Historicamente, as reformas agrárias foram promovidas e realizadas ao longo do século XX.
Diante desse cenário, há quem acredite que o processo já foi concluído, na medida em que o latifúndio, como estrutura predominante, teria sido superado.

Outros, por outro lado, argumentam que se trata de uma questão ainda pendente, pois os objetivos da reforma agrária não foram plenamente alcançados, como a superação da pobreza rural. Além disso, surgiram novos desafios, especialmente aqueles decorrentes da “grilagem de terras”.

O atual processo de concentração fundiária está em um nível muito mais elevado do que antes da implementação das políticas de reforma agrária.

Além disso, a nova agricultura, moderna e competitiva, que se observa atualmente, enfrenta problemas urgentes que precisam ser enfrentados, como a implementação de políticas que garantam a sustentabilidade e a inclusão da agricultura de pequena escala.

As Diretrizes Voluntárias sobre a Posse Responsável da Terra

As Diretrizes Voluntárias sobre a Governança Responsável da Posse da Terra, da Pesca e das Florestas no Contexto da Segurança Alimentar Nacional (VGGT) constituem uma estrutura de referência internacional para a governança responsável da terra, da pesca e das florestas.

Elas foram adotadas em 2012 pelo Comitê de Segurança Alimentar Mundial da FAO e representam um conjunto de princípios e normas que orientam o uso e a gestão desses recursos.
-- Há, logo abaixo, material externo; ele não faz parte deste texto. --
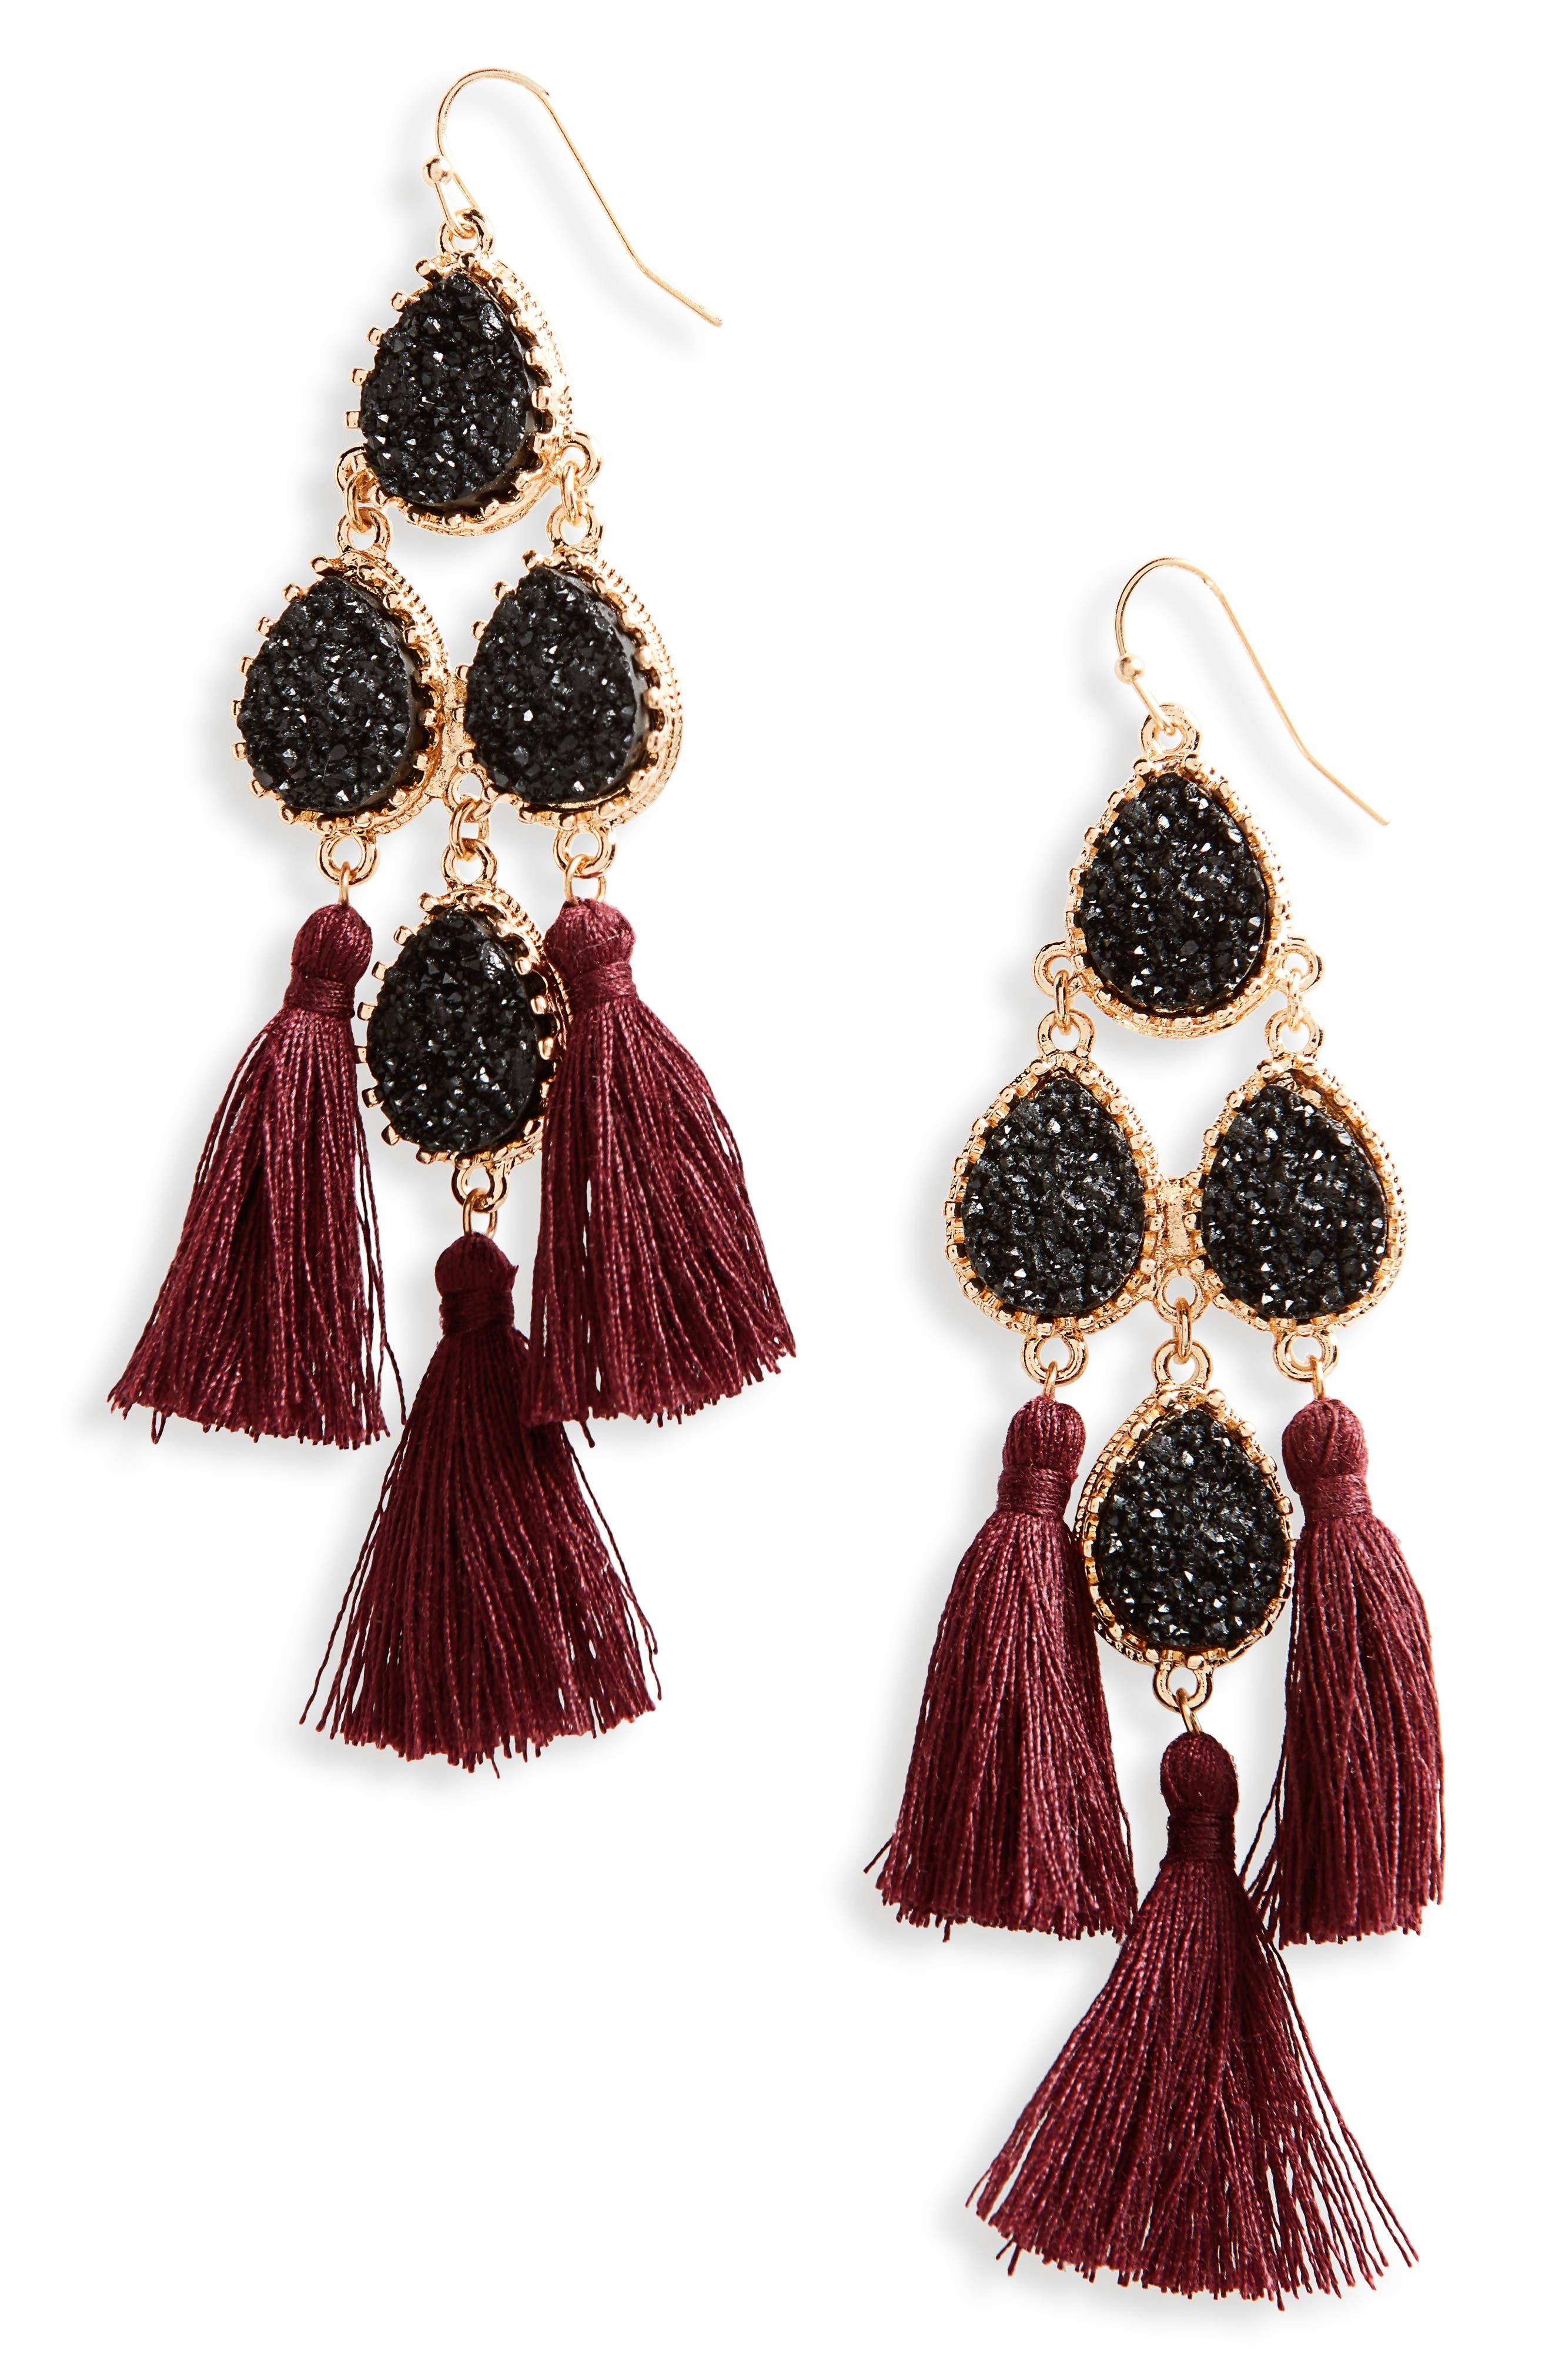 Panacea Mirror Embroidery Tassel Earrings R3mCf0

São o resultado de um longo processo de negociação que envolveu governos, representantes da sociedade civil e do meio acadêmico, em diversos níveis (nacional, regional e global), sob a coordenação e orientação do Comitê de Segurança Alimentar Mundial da FAO.

Entre 2008 e 2012, observou-se um processo de “apropriação de terras”, expresso na crescente concentração e aquisição de terras por estrangeiros, resultado do desencadeamento simultâneo de três crises: (i) uma crise marcada pelo aumento explosivo da demanda por alimentos; (ii) uma crise energética, que demanda grandes áreas para o cultivo de biocombustíveis; e (iii) uma crise financeira, que transforma a terra em um ativo seguro para investidores. Essa conjuntura gerou uma dinâmica no mercado de terras em que países e fundos de investimento passaram a atuar como compradores, além dos investidores tradicionais. Essa realidade, inicialmente observada na África e na Ásia, também se manifesta na América Latina e no Caribe.

Há uma discussão em aberto sobre a relação entre a aplicação das Diretrizes Voluntárias sobre a Posse Responsável da Terra e o conteúdo da reforma agrária.

É necessário fomentar um debate que respeite os diferentes argumentos — todos passíveis de questionamento — sobre questões complexas e em constante transformação.

Lições para o futuro

Ao revisitar as reformas agrárias latino-americanas, o estudo de Sergio Gómez E. não apenas recupera uma história de lutas e conquistas, mas também oferece reflexões críticas sobre os desafios contemporâneos. Se no século XX a questão agrária era entendida como um problema de redistribuição, hoje ela se complexifica, envolvendo temas como soberania territorial, mudanças climáticas e direitos indígenas. 

A obra conclui que, embora as reformas tenham sido fundamentais para abolir relações servis e reduzir desigualdades históricas, seu legado permanece incompleto. O futuro exigirá políticas inovadoras, que integrem a democratização do acesso à terra com estratégias de desenvolvimento rural inclusivo — um caminho ainda em construção, mas essencial para uma América Latina mais justa e sustentável.